For the listing below, return the line containing "Frau am Strand", the line containing "Trendy Apparel Shop", and all lines in between, exactly as written and nothing else.

*ENTRIES PROVIDED:*
BEGIN
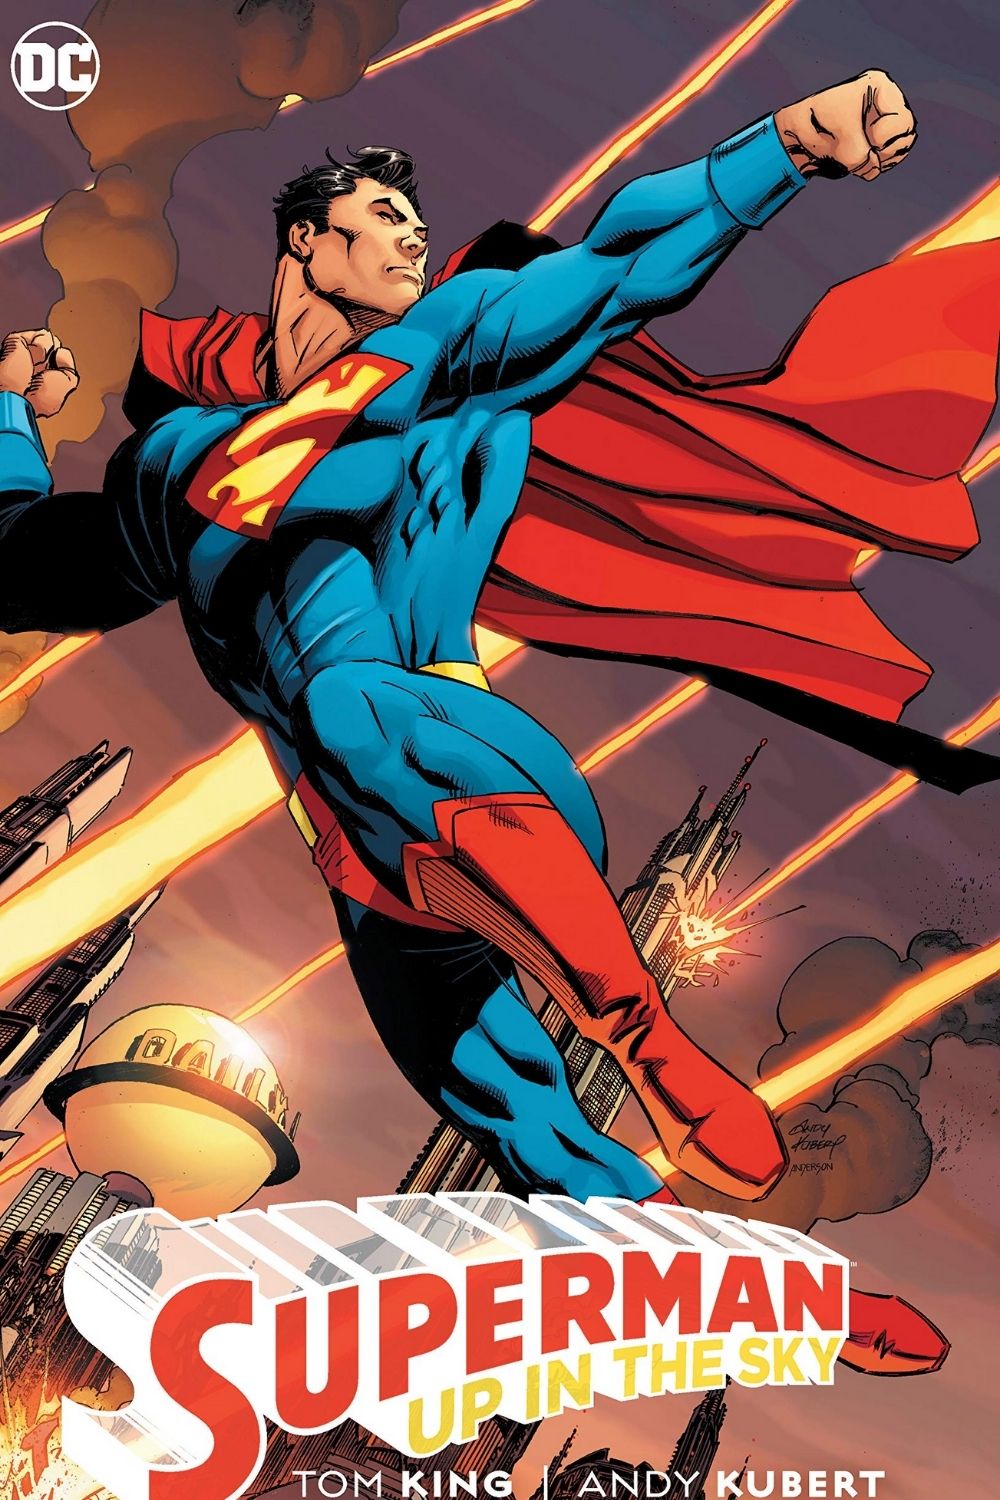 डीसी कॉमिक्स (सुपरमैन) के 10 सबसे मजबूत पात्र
END
BEGIN
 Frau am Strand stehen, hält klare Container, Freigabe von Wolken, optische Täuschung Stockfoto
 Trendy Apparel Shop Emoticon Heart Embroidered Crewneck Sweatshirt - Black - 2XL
END
BEGIN
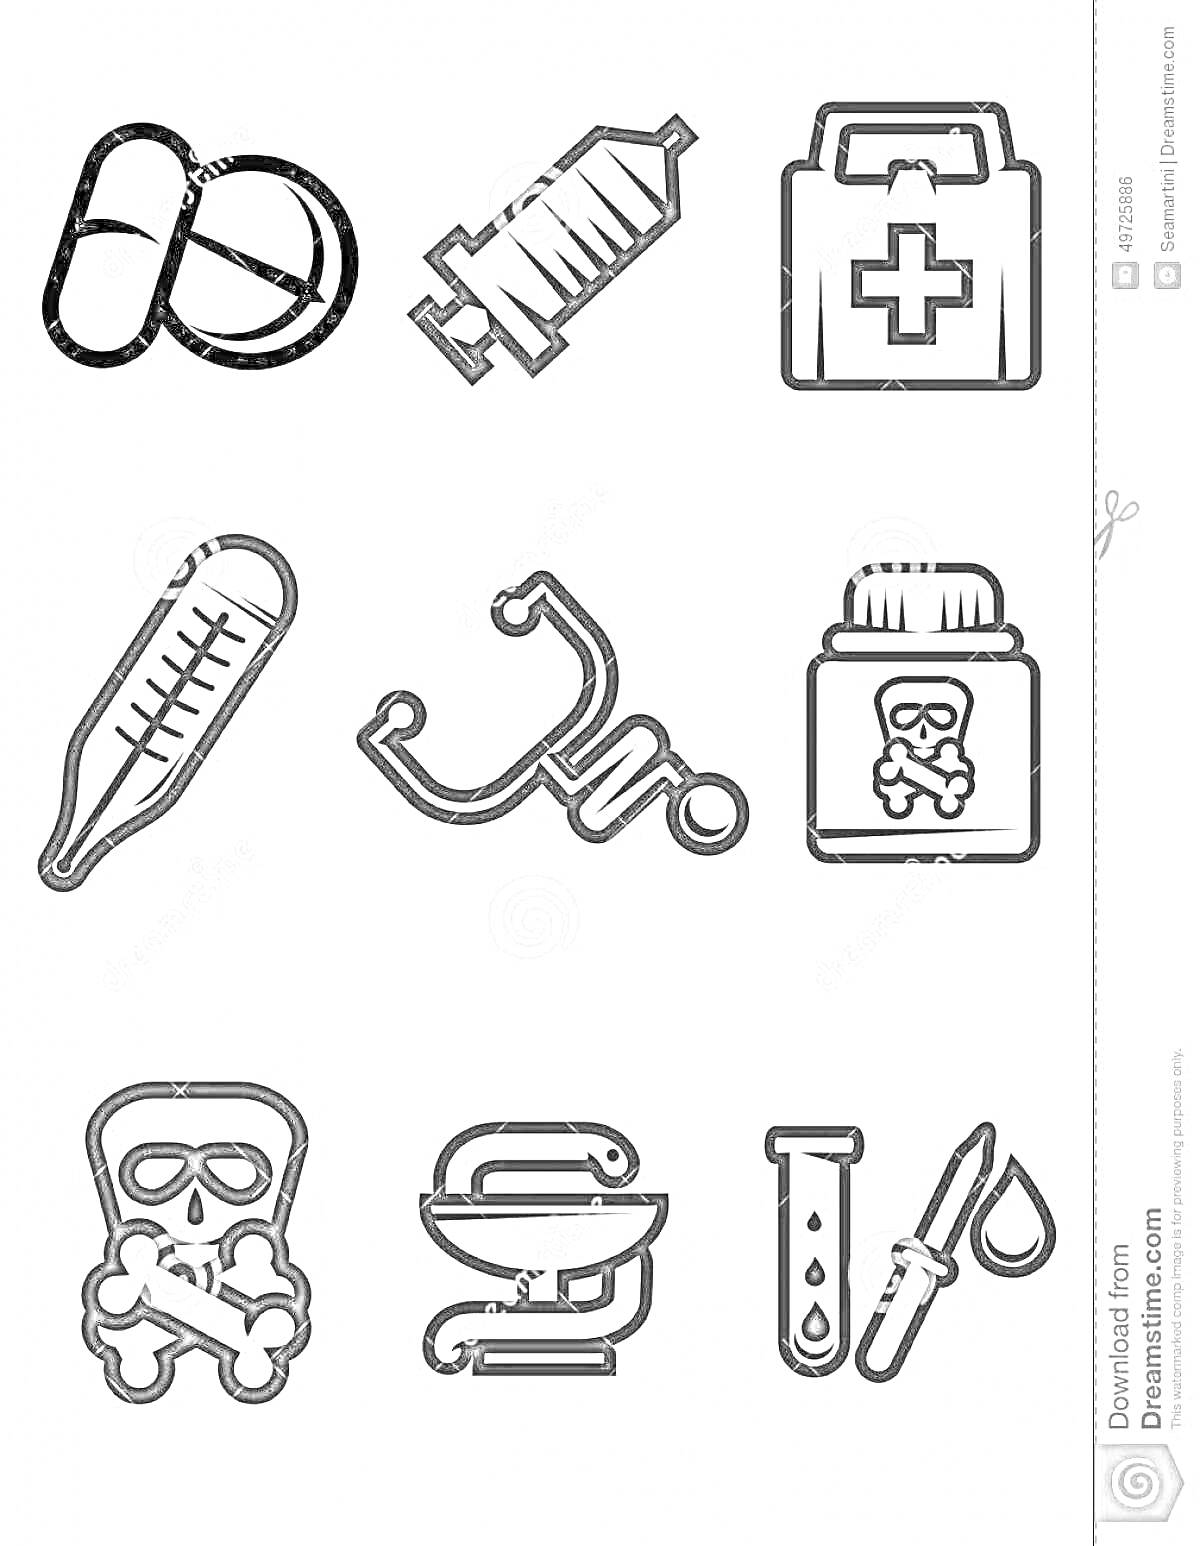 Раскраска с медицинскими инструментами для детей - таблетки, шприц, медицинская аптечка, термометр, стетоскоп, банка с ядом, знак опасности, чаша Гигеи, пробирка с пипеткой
END
*TASK OUTPUT:*
 Frau am Strand stehen, hält klare Container, Freigabe von Wolken, optische Täuschung Stockfoto
 Trendy Apparel Shop Emoticon Heart Embroidered Crewneck Sweatshirt - Black - 2XL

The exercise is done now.